AT&T has taken swift action after a massive security breach has exposed millions of its customer’s records online. This exclusive report from TechCrunch reveals that the telecom giant has initiated a mass reset of account passcodes following the discovery that the leaked data includes encrypted passcodes that can be used to access customer accounts.
According to TechCrunch, a security researcher who analyzed the leaked data found that the encrypted passcodes were easy to decipher, leading to immediate action from AT&T. The telecom company was made aware of the security researcher’s findings and quickly launched an investigation supported by internal and external cybersecurity experts.
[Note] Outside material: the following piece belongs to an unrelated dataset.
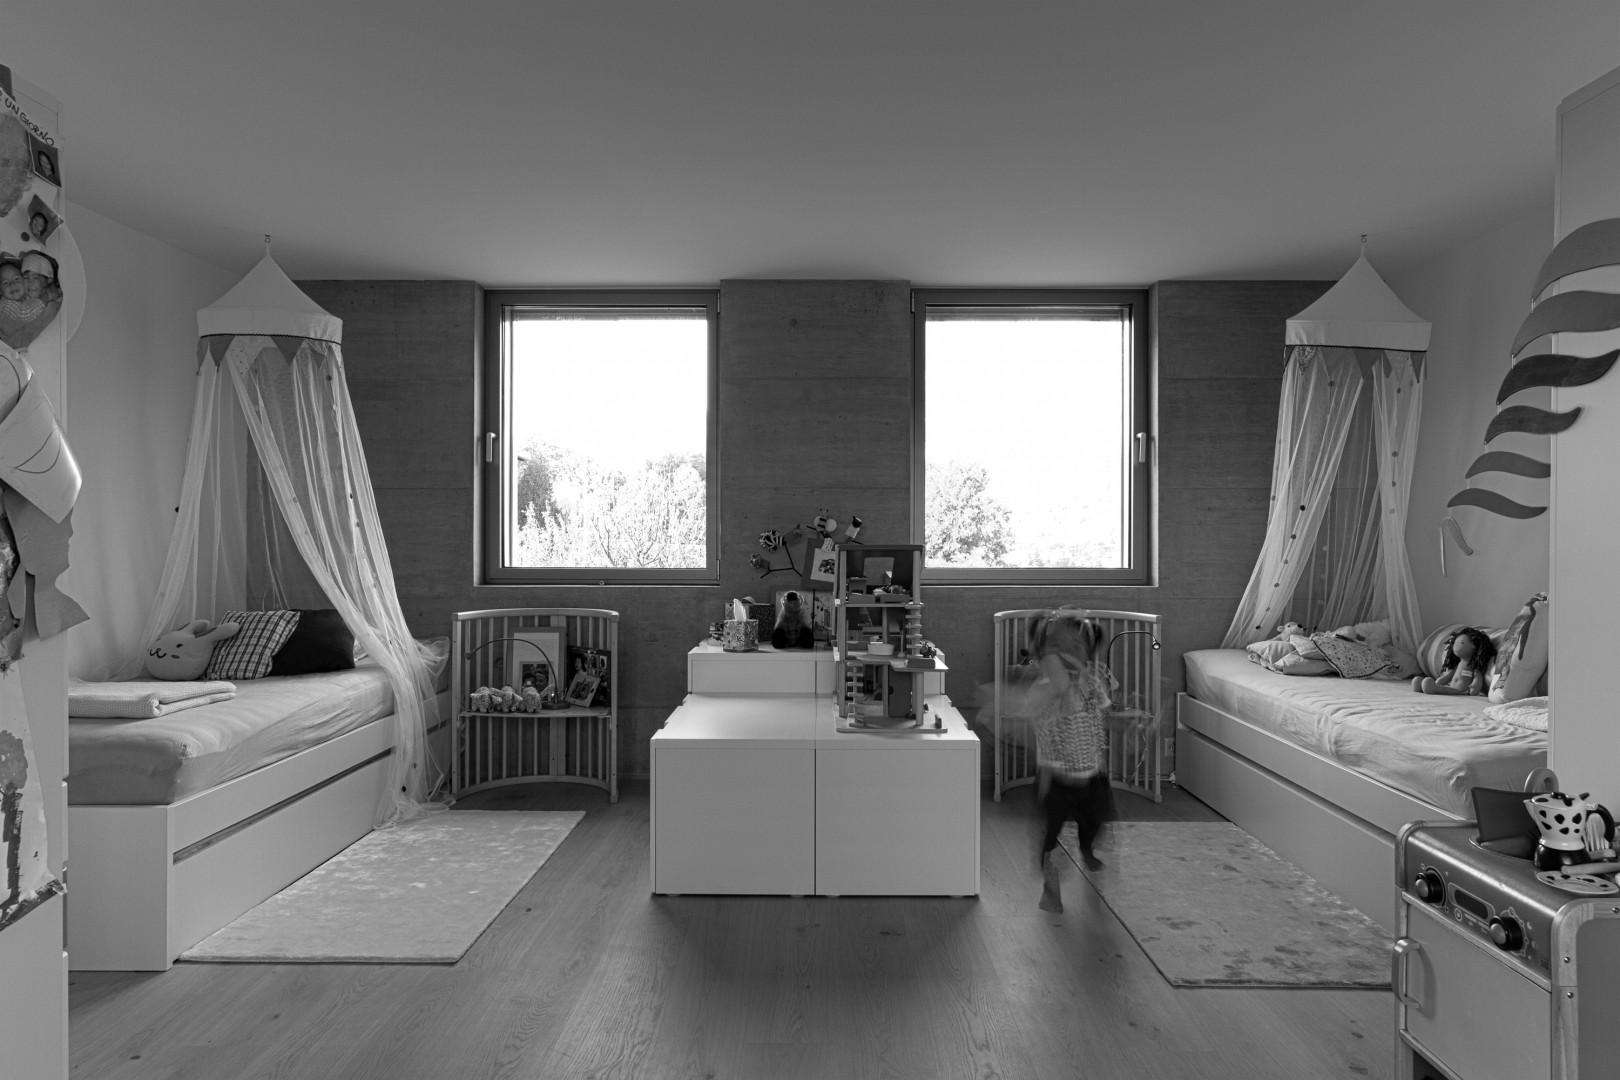 Kinderzimmer © Simone Bossi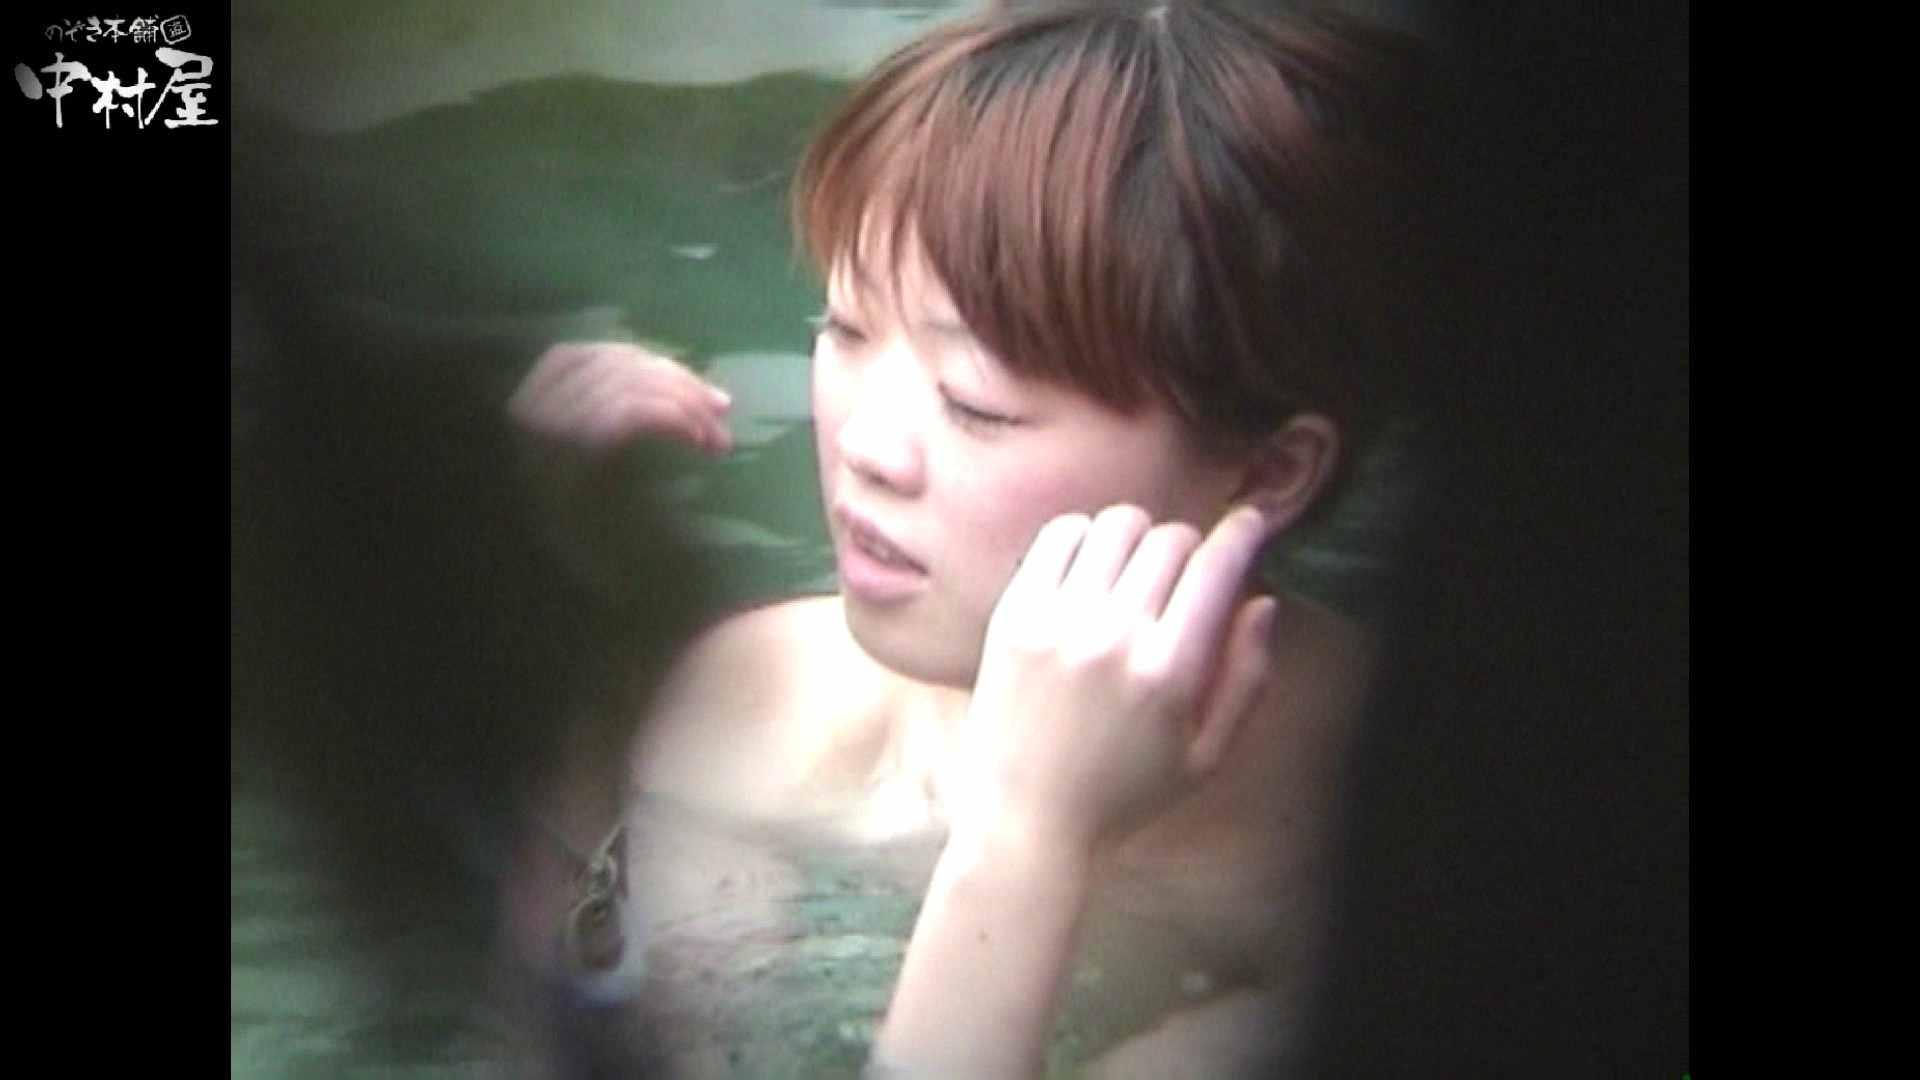 Aquaな露天風呂Vol.954 綺麗なOLたち  54枚 30

“Based on our preliminary analysis, the data set appears to be from 2019 or earlier, impacting approximately 7.6 million current AT&T account holders and approximately 65.4 million former account holders,” AT&T said in a statement provided on Saturday.
“AT&T does not have evidence of unauthorized access to its systems resulting in exfiltration of the data set,” the statement continued.
TechCrunch chose to withhold this story until AT&T could begin resetting customer account passcodes, highlighting the seriousness of the situation. It was only recently that AT&T acknowledged that the leaked data did, in fact, belong to its customers – nearly three years after a hacker claimed to have stolen 73 million AT&T customer records. Until now, AT&T had denied any breach in its systems.
In March, a data seller posted the full 73 million alleged AT&T records on a known cybercrime forum, providing a more comprehensive analysis of the leaked data. It has since been confirmed by AT&T customers that their leaked account data is accurate, revealing personal information such as names, home addresses, phone numbers, dates of birth, and Social Security numbers.
The security researcher who analyzed the leaked data also discovered that each record included encrypted account passcodes. In a video call with TechCrunch, the researcher demonstrated how they were able to unscramble the data into plaintext passcodes. To further validate these findings, the researcher cross-checked the records against account passcodes known only to them.
This breaking news is ongoing, and more updates will follow as the situation unfolds.